Data Analytics: Industrial Perspective & Solutions for Streaming Data

Mohsin Munir; Sebastian Baumbach; Ying Gu; Andreas Dengel; Sheraz Ahmed
In: Mark Last; Horst Bunke; Abraham Kandel (Hrsg.). Data Mining in Time Series and Streaming Databases. Chapter 7, Pages 144-168, Series in Machine Perception and Artificial Intelligence, Vol. 83, ISBN 978-981-3228-05-4, WORLD SCIENTIFIC, 3/2018.

Zusammenfassung

Over the past few years, a lot of devices and machines around us are becoming 'smart'. Based on the idea of the Internet of Things (IoT), different devices and machines can connect to the internet and communicate with each other. Such internet enabled devices are continuously observing their environment and logging a lot of data in the back-end database.
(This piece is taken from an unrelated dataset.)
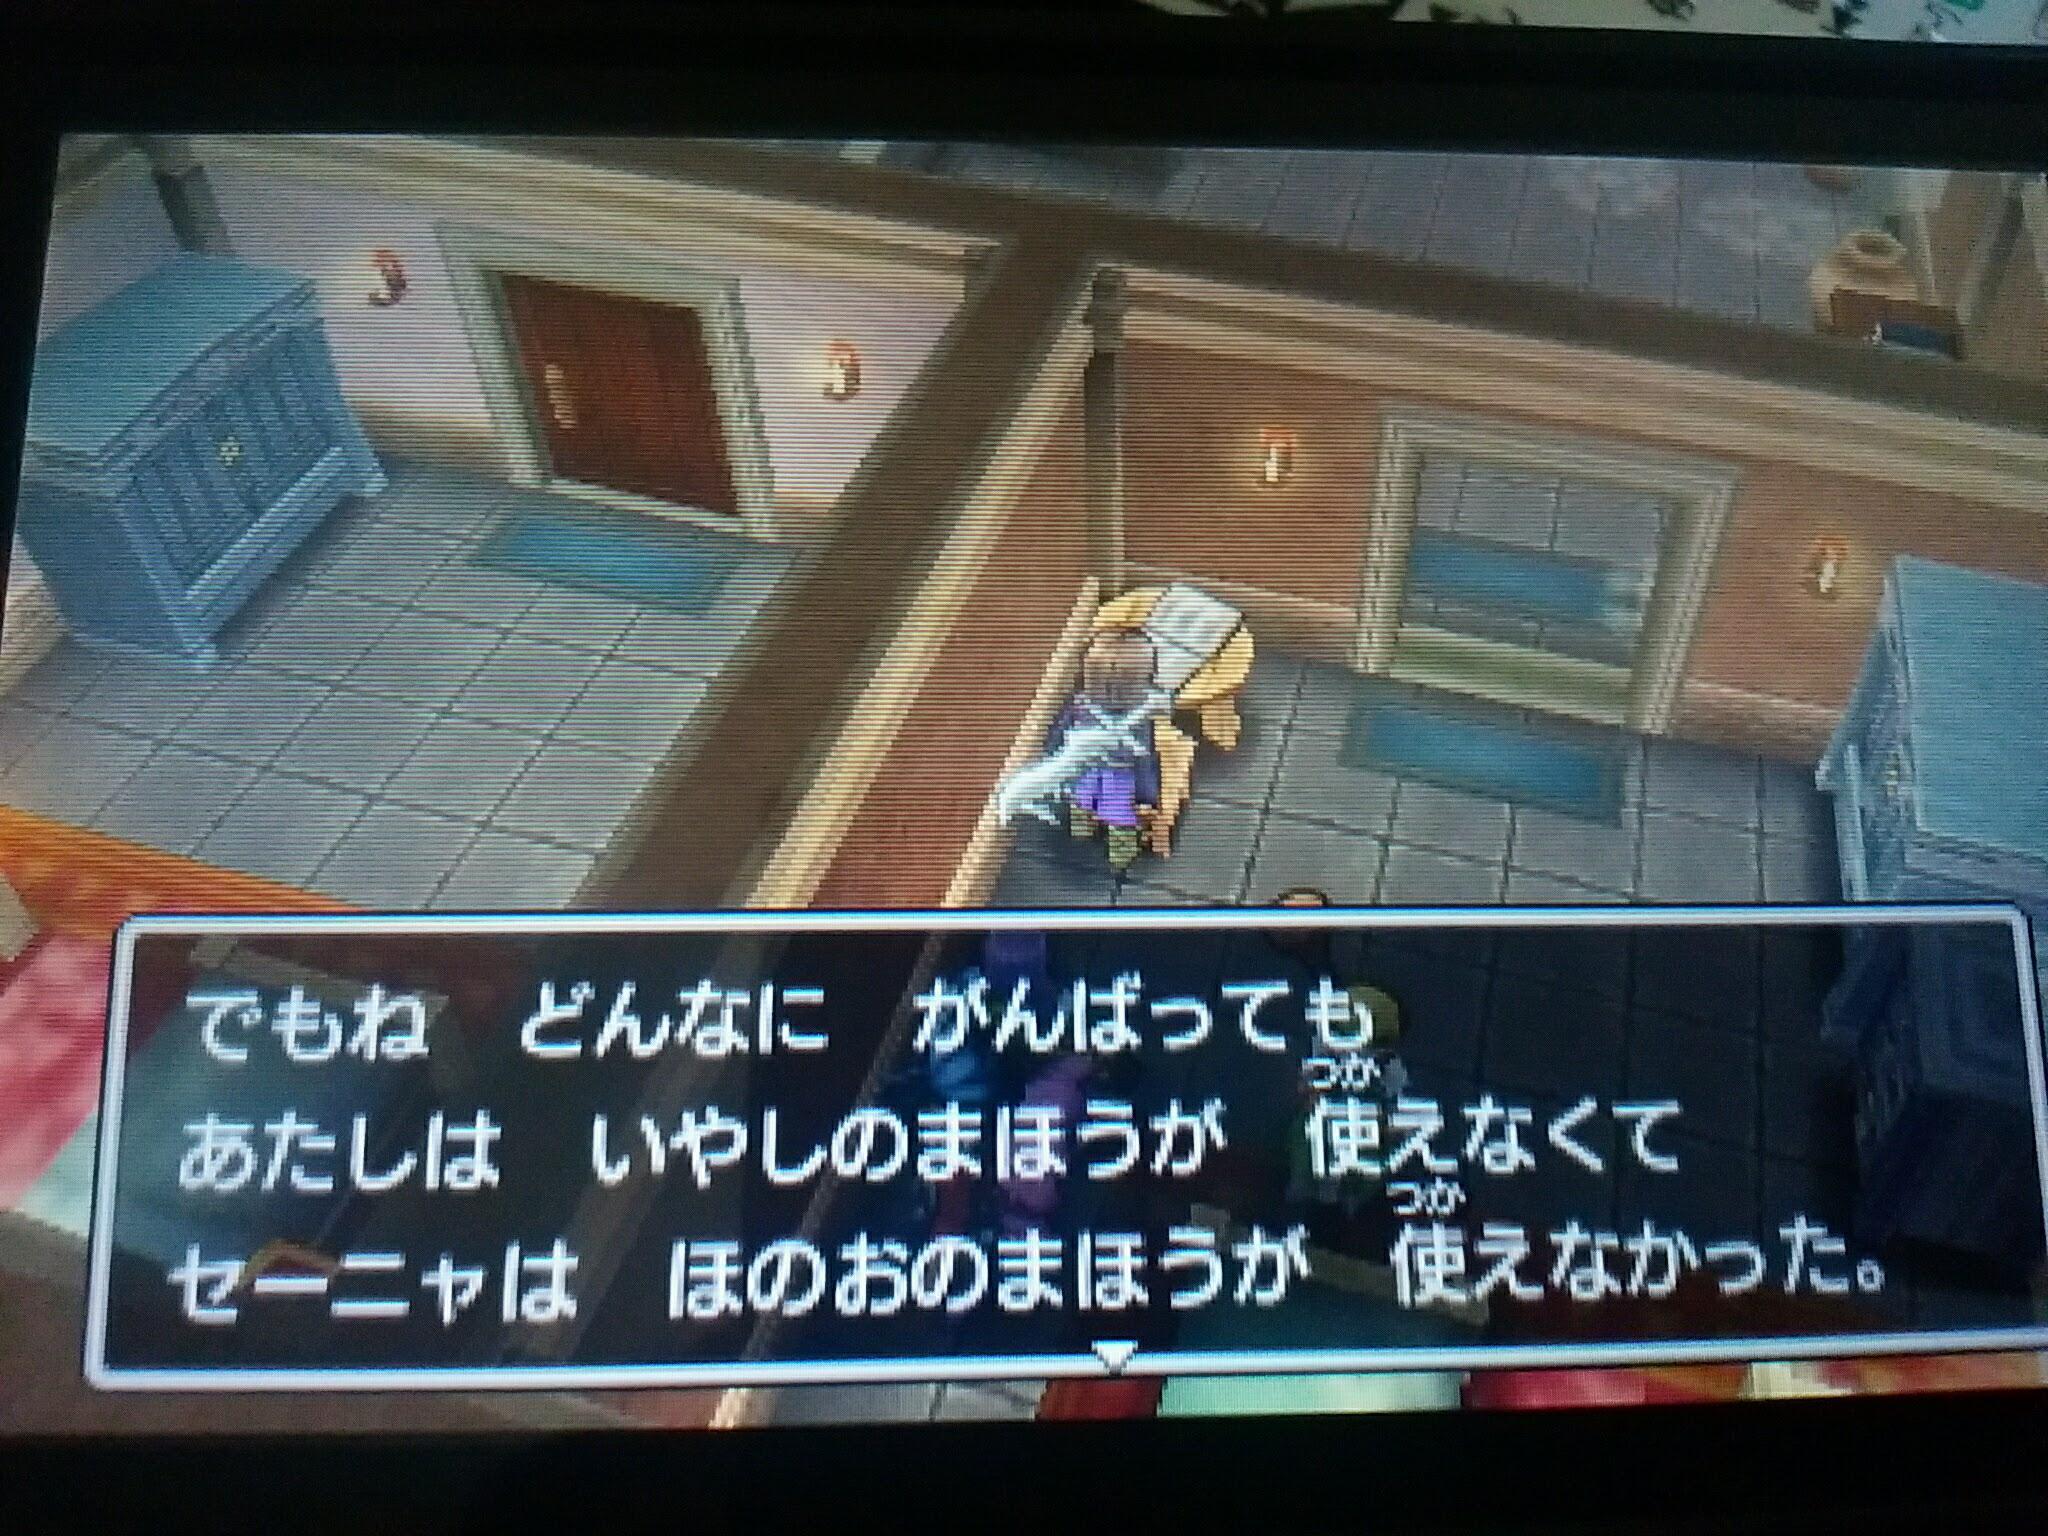 1sBVjXGJRMrVF - ドラクエ11の主人公片手剣と両手剣どっちがいいの?
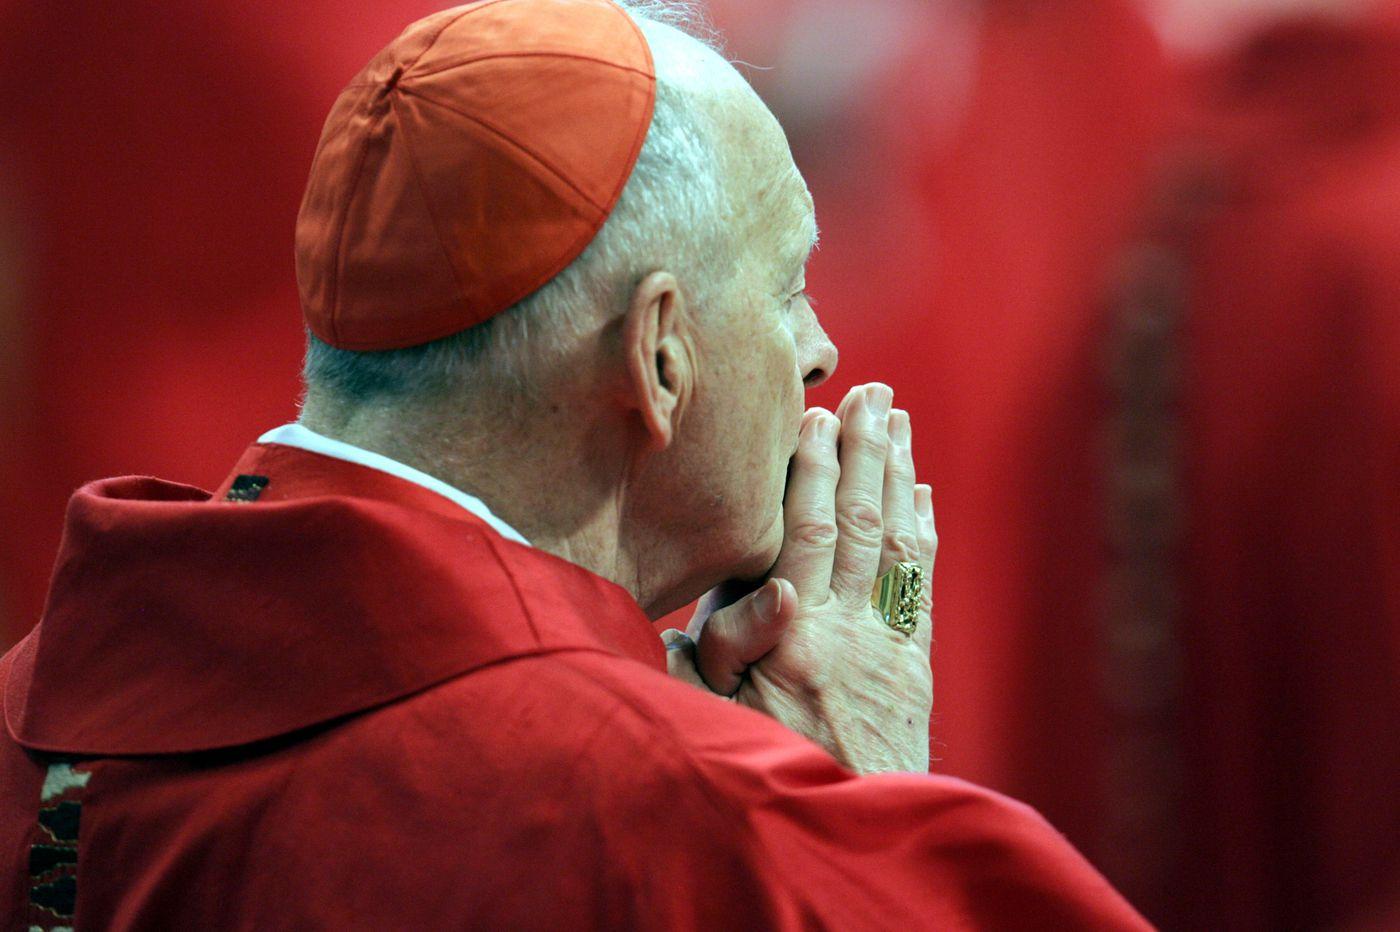 Vatican defrocks former US cardinal McCarrick for sex abuse

By applying data analytics on the gathered Big Data, smart decisions are made to facilitate the end user according to the current situation. This capability of adaptive decision making actually makes ordinary devices and machines 'smart'. These devices and machines are becoming intelligent by learning about their surroundings from different sources, and develop the ability to avoid unforeseen situations by analyzing that data. In this chapter, we provide a comprehensive overview of how different industrial players are using data analytics to provide better services to their customers and improve their internal processes and workflows. We discuss how different industries use data analytics to gain vital insights for providing better healthcare to public, making homes more secure, increasing crop yield, delivering goods more quickly, reducing the downtime of a machine, avoiding a disease, etc. An overview of different analytics platforms and solutions used in different industries for time series and streaming data are also discussed in this chapter.